## Your task
Copy out exactly the lines beginning with the one that contains "蓬莱橋 静岡県 世界一の木造歩道橋" and ending at the last line of the listing, skipping any pictures.
-- Collected data follows --
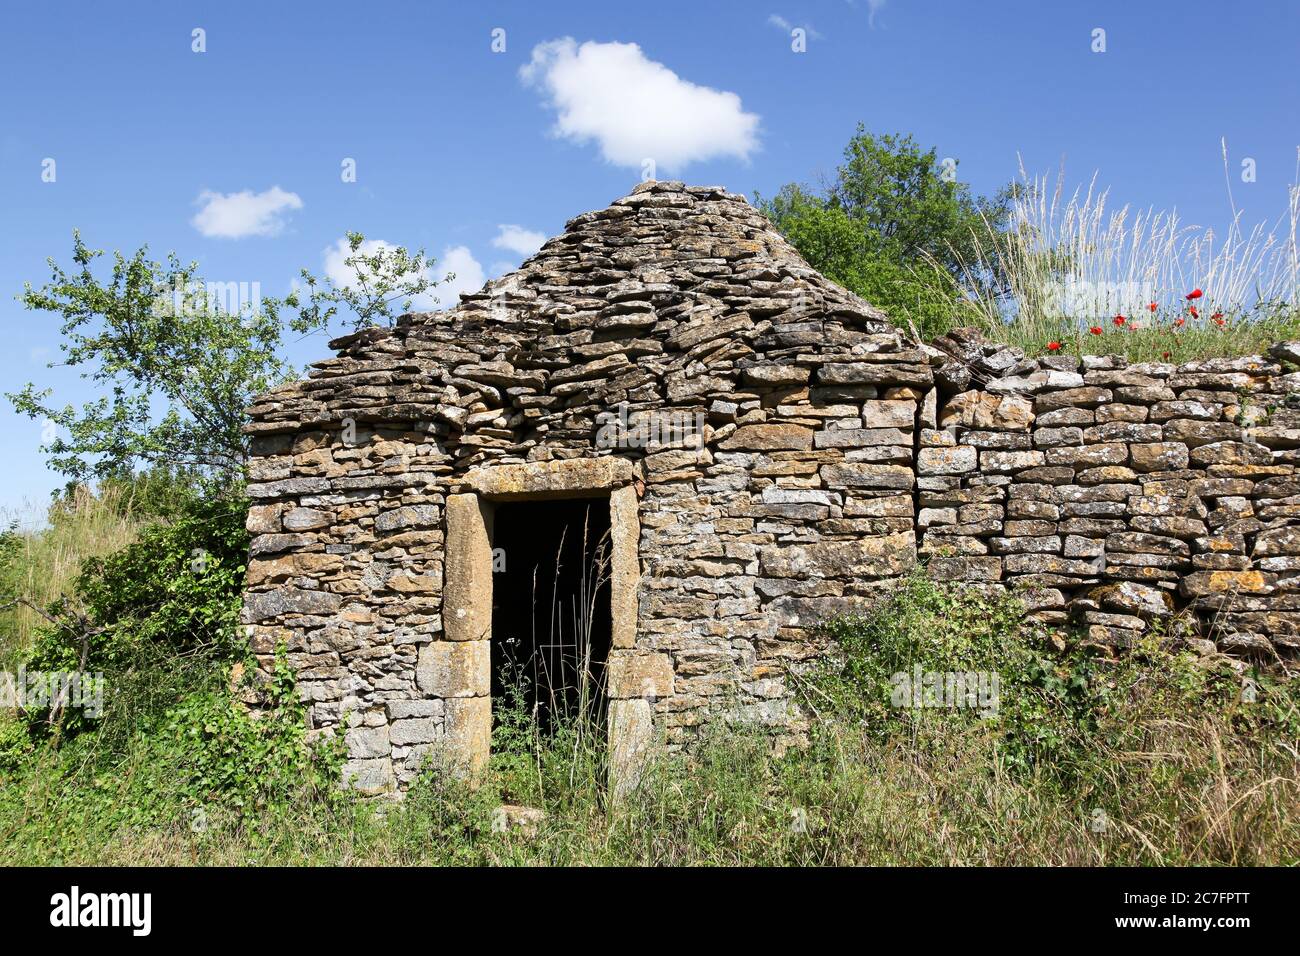 Ancienne et typique cabane en pierre appelée cadole en langue française dans les vignobles du Beaujolais, France Banque D'Images
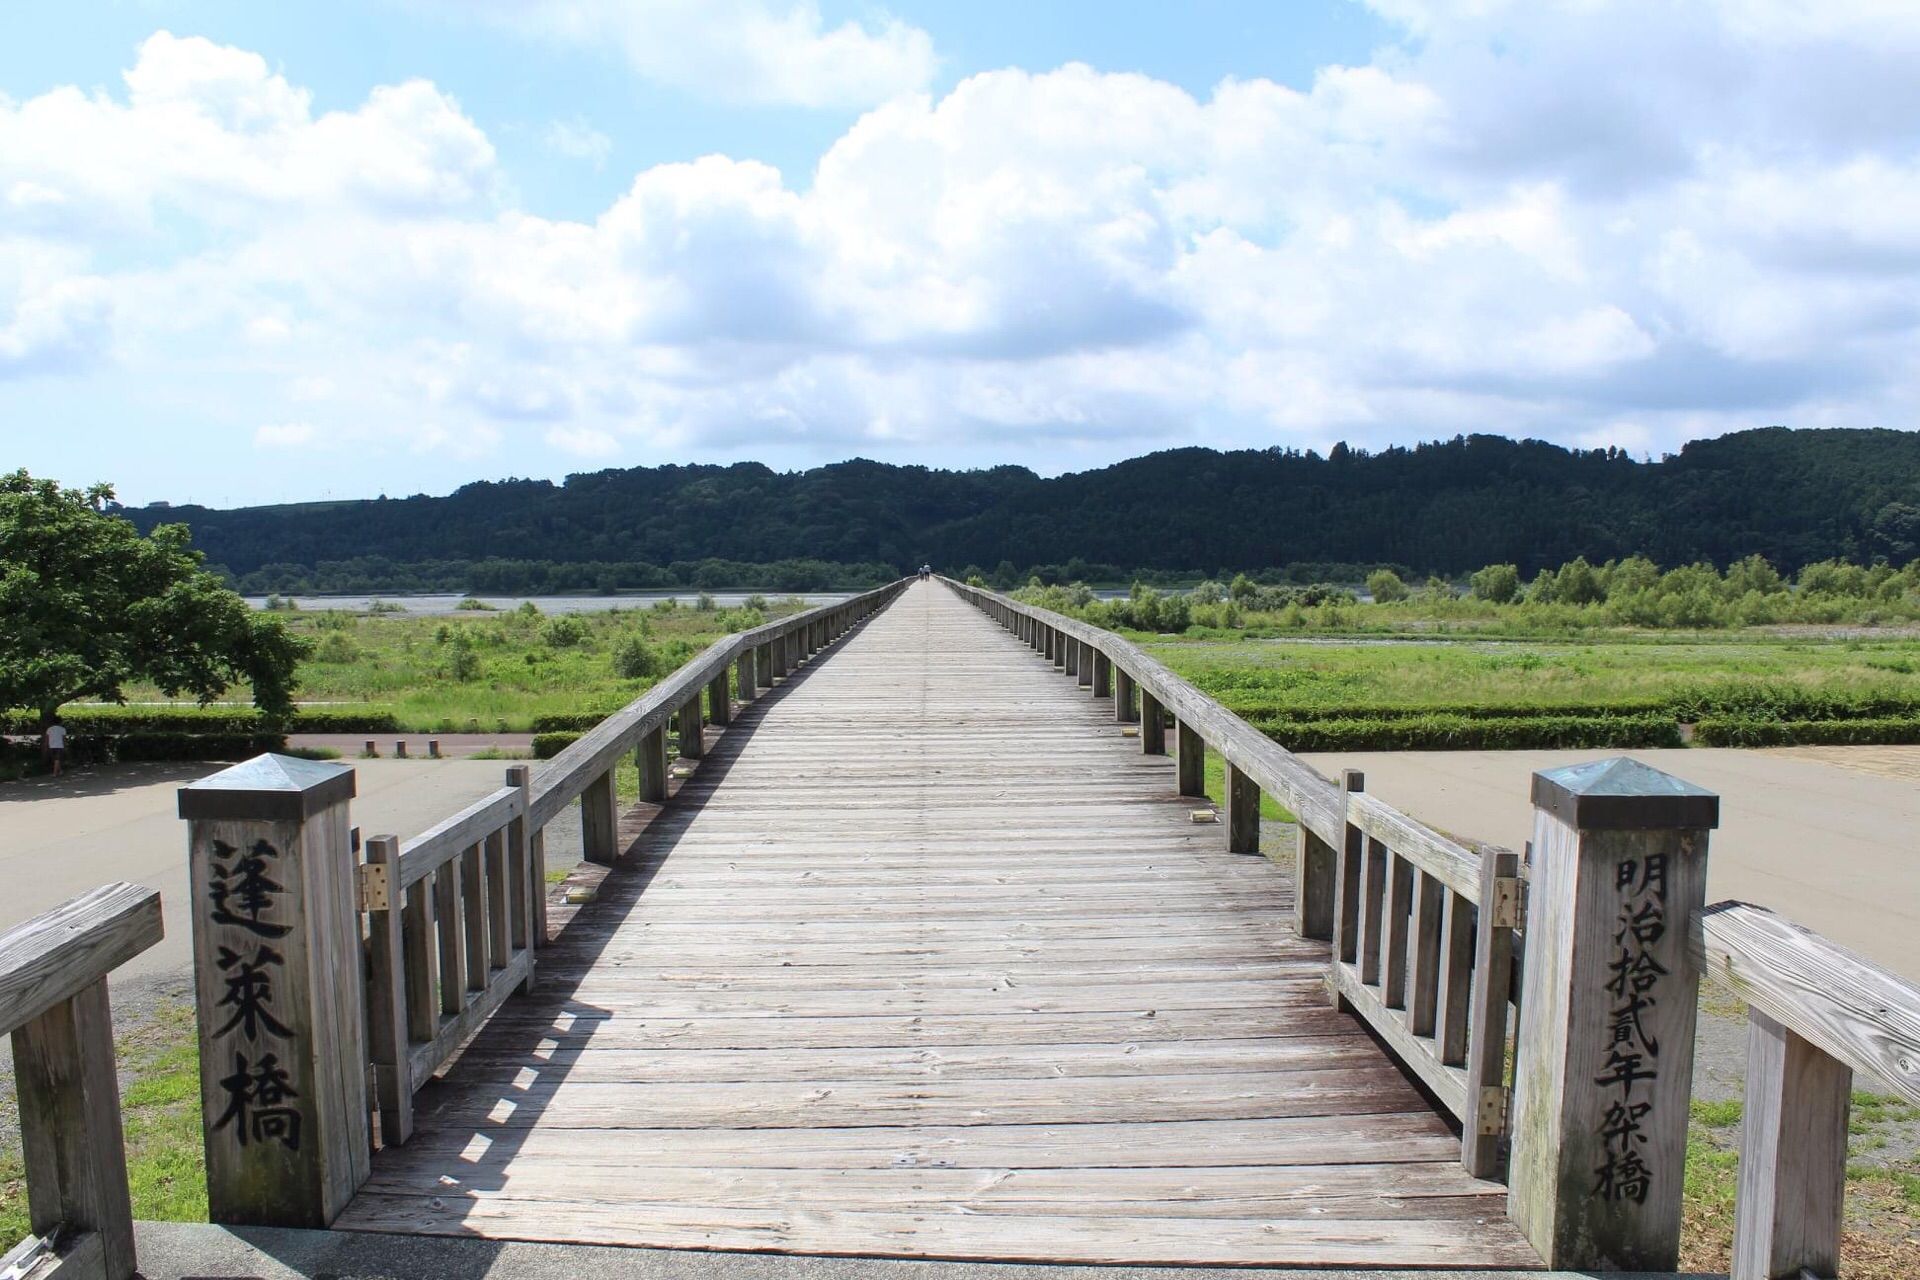 蓬莱橋 静岡県 世界一の木造歩道橋
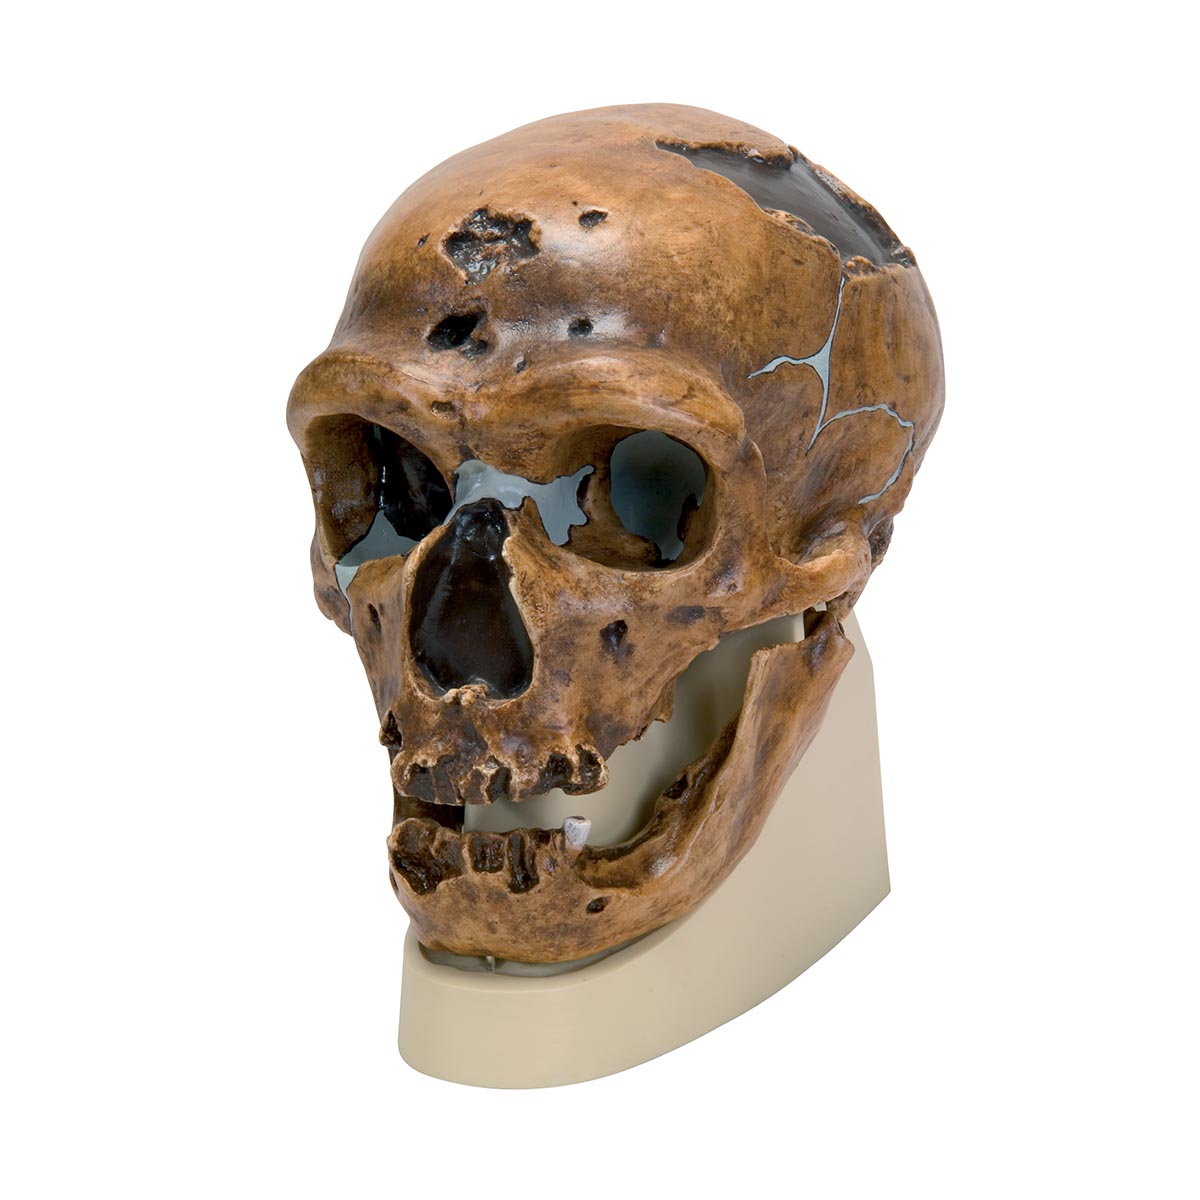 Schädelreplikat Homo neanderthalensis (La Chapelle-aux-Saints 1), Bestellnummer 1001294, VP751/1, 3B Scientific
-- Collected data concluded --
## Written solution
 蓬莱橋 静岡県 世界一の木造歩道橋
 Schädelreplikat Homo neanderthalensis (La Chapelle-aux-Saints 1), Bestellnummer 1001294, VP751/1, 3B Scientific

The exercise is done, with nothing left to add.